In evaluating potential height increase routines, there are questions that have to be answered true to potentially be effective. Asking these questions before attempting a routine or supplement, will help to determine if that supplement or routine could possibly be effective although there are many supplements that can be synergestic.
1a. Does the method increase longitudinal bone growth?
b. Or does the method stimulate an increase the thickness of the bone in a longitudinal direction(top of head or bottom of heel)?
c. Or does the method target another tissue that is a determinant in height(for example: cartilage or skin at the top of the head)?
d. Does the method alter alignment(posture or loosening of ligaments via relaxin)?
The rest of these questions will involve assuming that 1a was the question that was answered yes to as b-d would have different follow up questions. Note that GH and IGF-1 are a maybe in terms of answering question 1a. They tend to encourage tissue growth but do not necessarily encourage chondrogenic differentiation(although IGF-1 may). Something like IGF-2 is something more likely to increase height as it is involved in an earlier development state. And the growth plate is at an earlier development state than full bones. GH and IGF-1 are present at all developmental states whereas something like IGF-2 is not.
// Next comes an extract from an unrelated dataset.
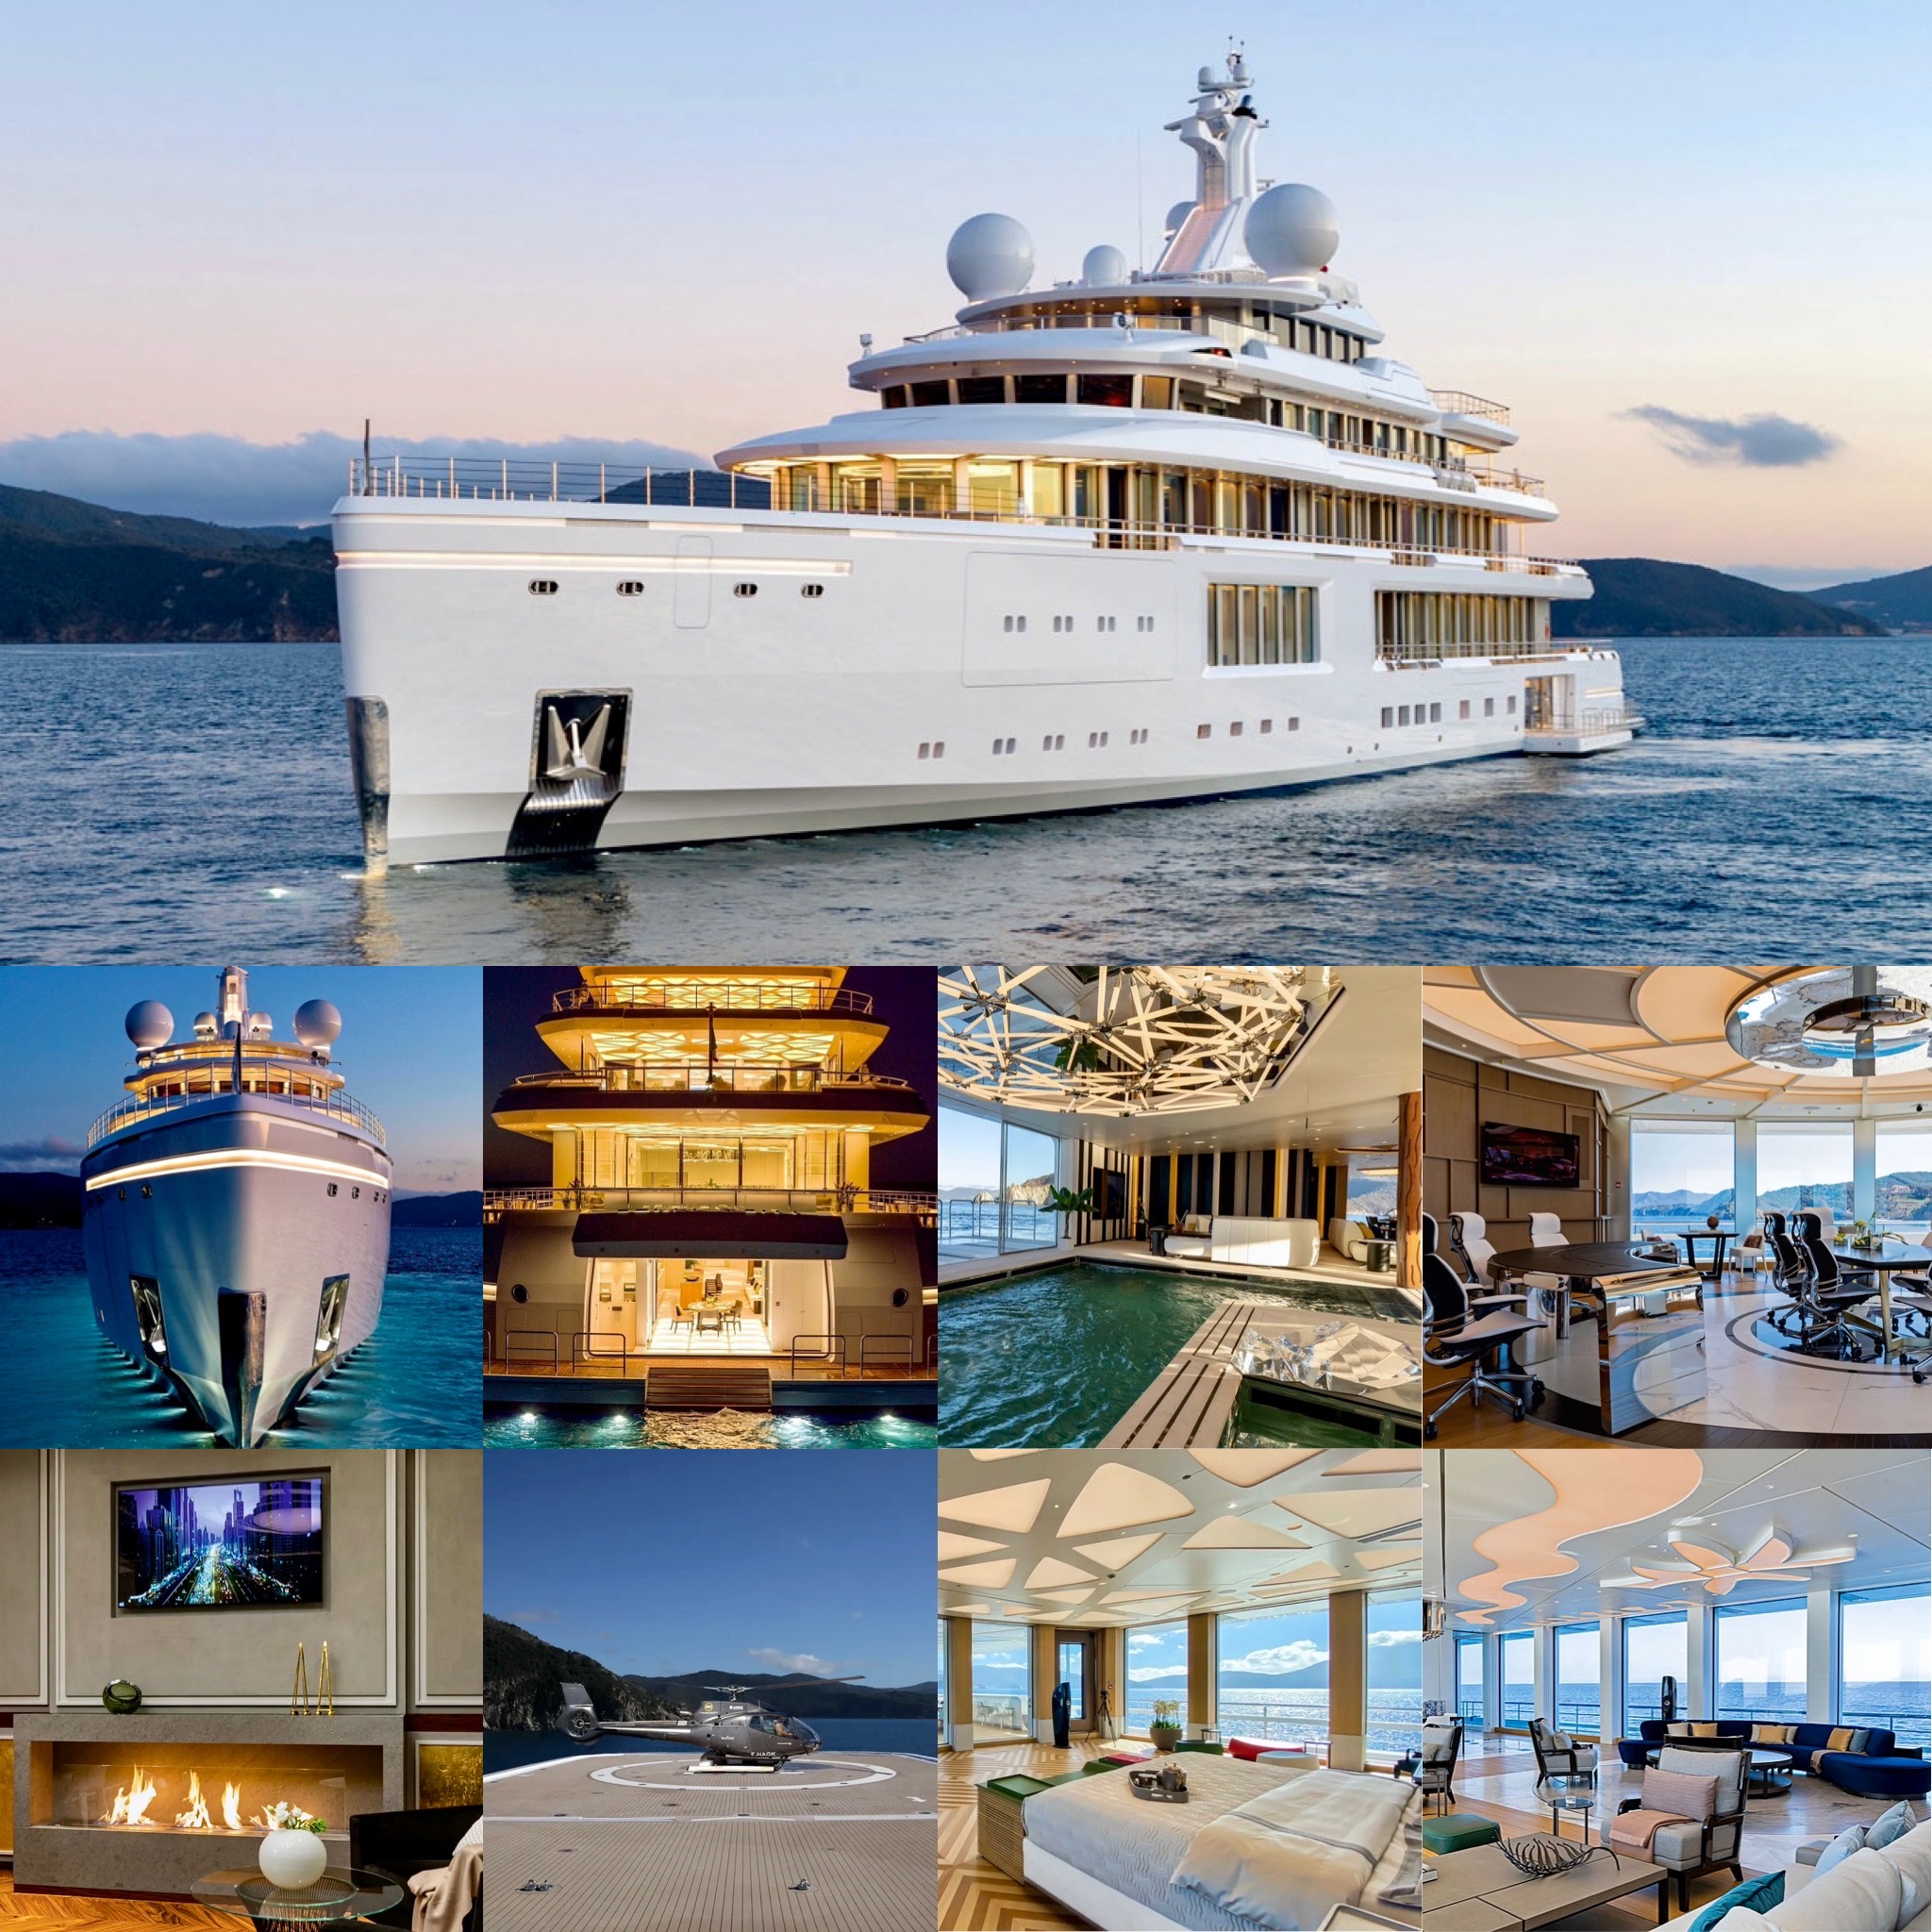 The $275 million, 107.6 metre Luminosity Superyacht by Benetti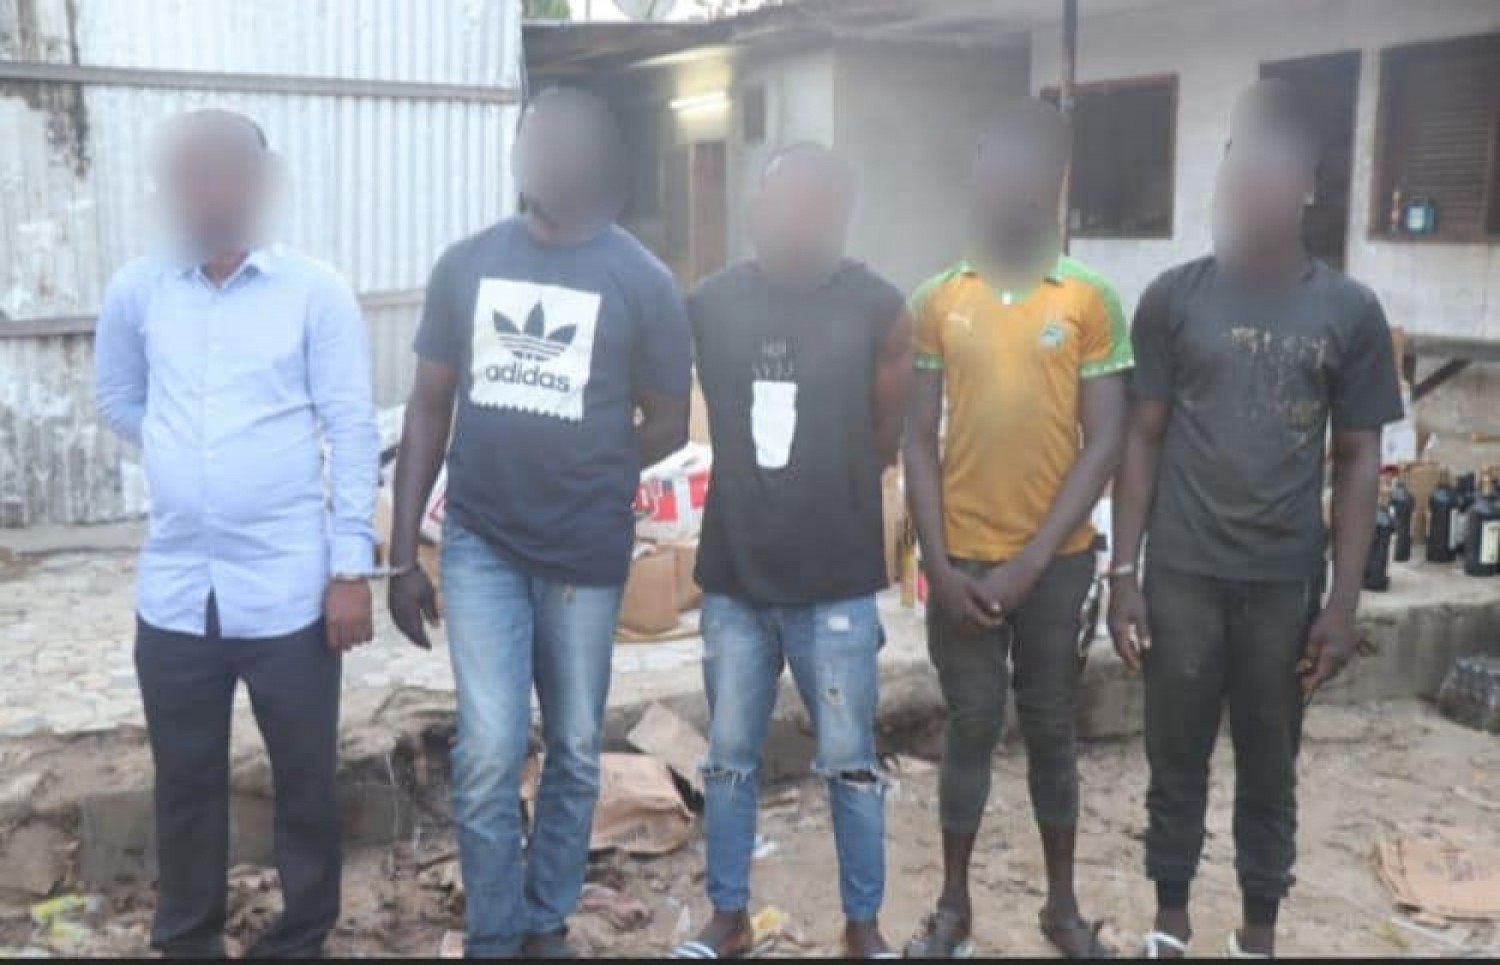 Côte d'Ivoire : Lutte contre la contrefaçon, la Gendarmerie démantèle un entrepôt de boissons frelatées à Abobo, le gérant et 04 collaborateurs interpellés

2. Does the method involve degradation of cortical bone?
b. Does the method stretch cortical bone(plastic deformation which requires extreme loads)?
This likely has to be an important criteria in the success of a height increase routine. The end of growth involves the fusion of cortical bone between the diaphysis and the epiphysis. Distraction osteogenesis involves the cracking of cortical bone. Cortical bone is likely like a large constraint on longitudinal bone growth. Note: LSJL likely degrades cortical bone via an increase in fluid flow.
D is the LSJL loaded bone and C is not. There’s definitely degration of the trabecular bone in D and F. In D the LSJL cortical bone looks thicker and stronger which would make it harder to grow taller. However in F there are some signs of degradation. First, note that in E, that the inner bone is a fairly solid circular object but in F there is a part that juts outward on the upper lateral region of F this could be a sign of cortical bone degradation. And note that 50% is the dead center of the bone which is not a likely target for increasing bone length. 75% is much closer to the epiphysis and since most longitudinal bone growth occurs at the epiphysis this is very promising that the necessary cortical bone degradation can occur to enable bone elongation to occur.
The bone loading only occurred for 3 days. If bone loading had occurred longer it is possible that the protrusion of the inner bone would extend far enough to reach the outer point of bone enabling a neo-growth plate to form. The mice were 14 weeks old which is fairly fair along the skeletal maturity process. Mice growth plates don’t fuse but they do become dysfunctional and this is the time when growth cessation occurs. So a potential protrusion caused by cortical bone degradation at a late skeletal maturity state is promising for the possible effectiveness of LSJL on adults.
3. Does the method stimulate chondrogenic differentiation?
Bones have not yet been shown to be capable of interstitial growth and only through an intermediary tissue(cartilage) are they able to grow longer. It would be possible to grow taller through the articular cartilage(which is capable of endochondral ossification) at the longitudinal ends of the bones but there does not as of yet seem to be an effective way of doing that.
The creating of an intermediary tissue like cartilage within the bone seems to be necessary to make the bones grow longer. LSJL upregulates chondrogenic genes.
In addition, the chondrogenic intermediary must progress through the various stages and undergo hypertrophy to push the bone apart. But it appears that endochondral ossification tends to be the standard procedure for chondrogenic tissue.